Data excerpt:
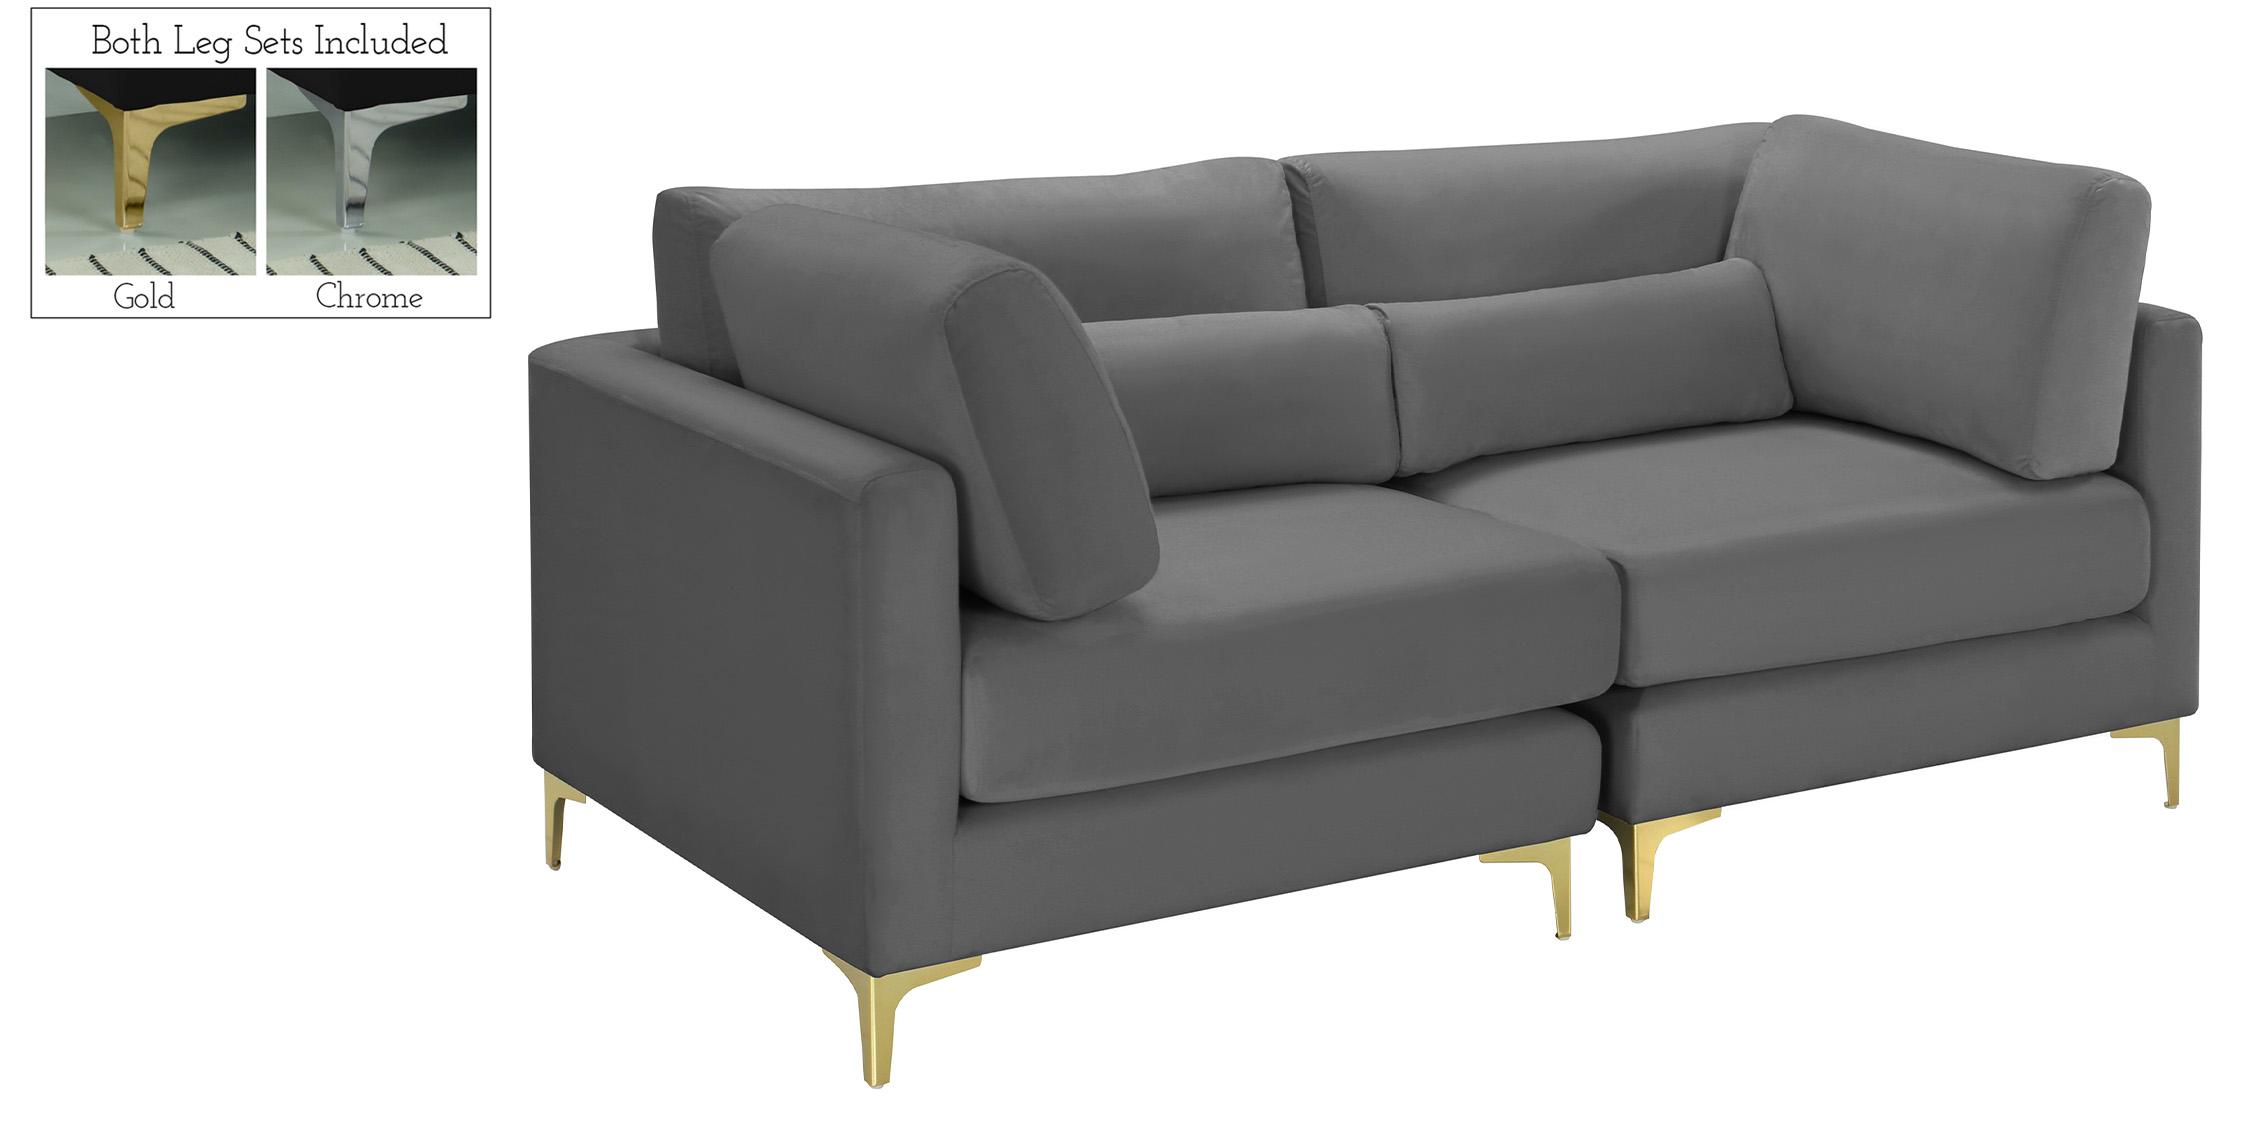 Contemporary, Modern Modular Sofa JULIA 605Grey-S75 605Grey-S75 in Gray Velvet
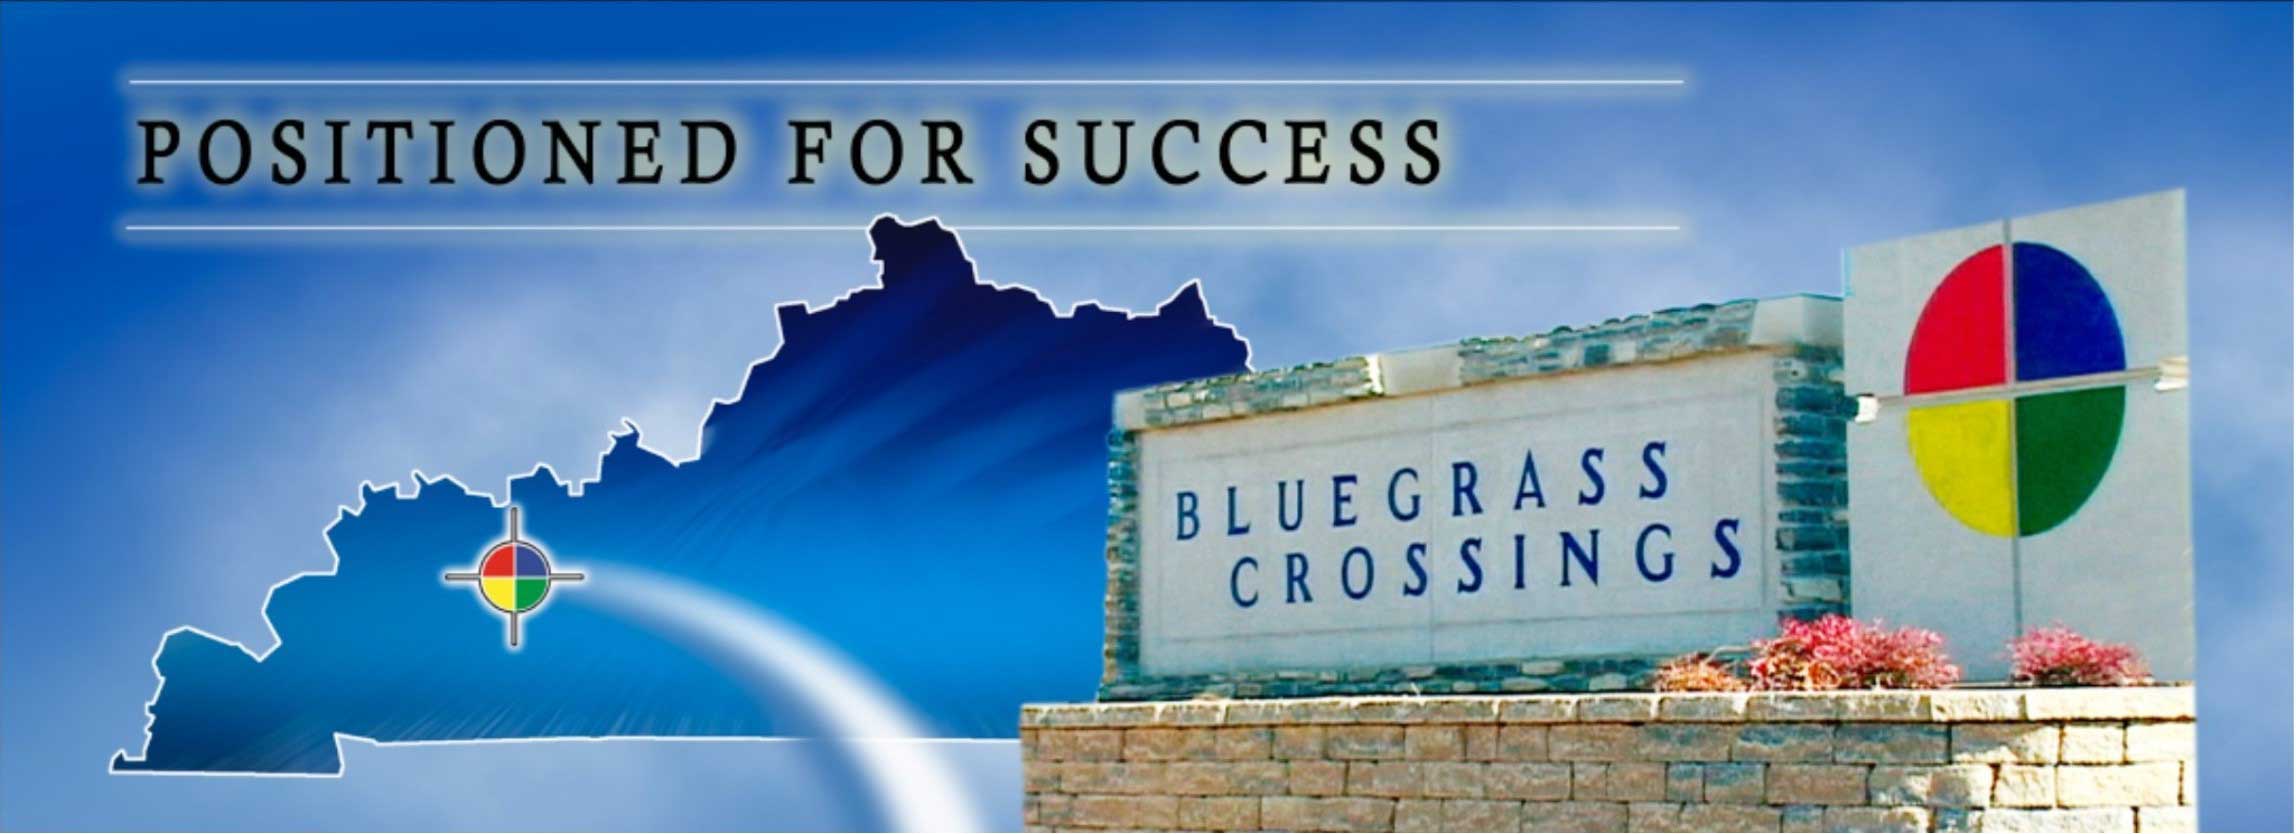 Bluegrass Crossings
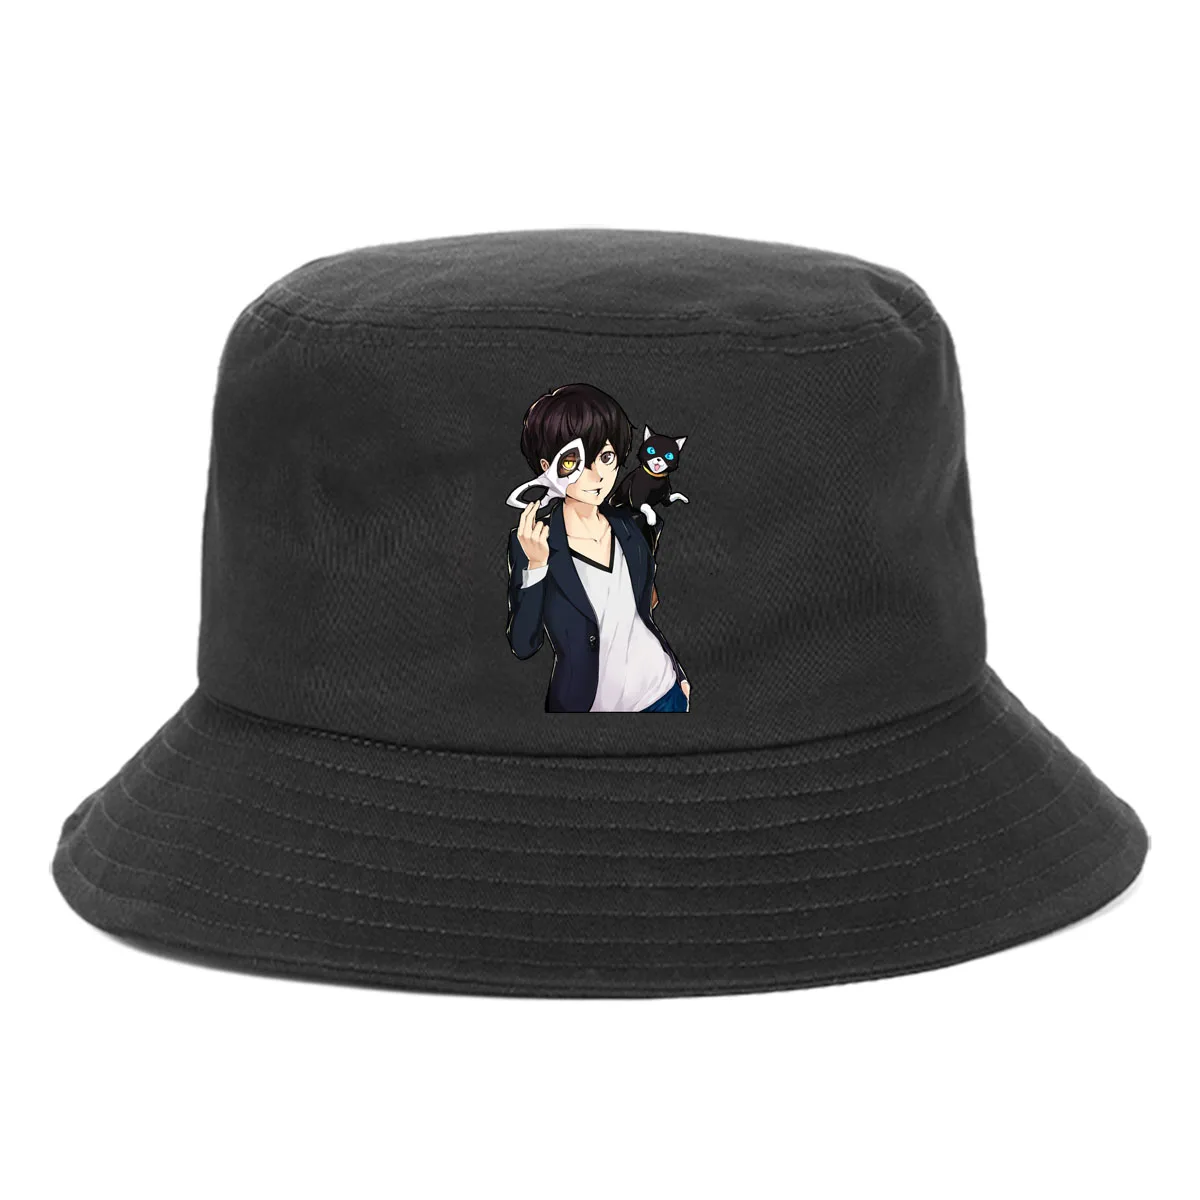 

Teenagers Cotton Cartoon Bucket Hat Women Summer Sunscreen Hat Outdoor Fisherman Cap Beach Cap Bucket Hat for anime Persona 5

Task item: Apart from the pictures, the whole listing should be reproduced exactly.

Answer to this problem:
 Contemporary, Modern Modular Sofa JULIA 605Grey-S75 605Grey-S75 in Gray Velvet
 Bluegrass Crossings

Teenagers Cotton Cartoon Bucket Hat Women Summer Sunscreen Hat Outdoor Fisherman Cap Beach Cap Bucket Hat for anime Persona 5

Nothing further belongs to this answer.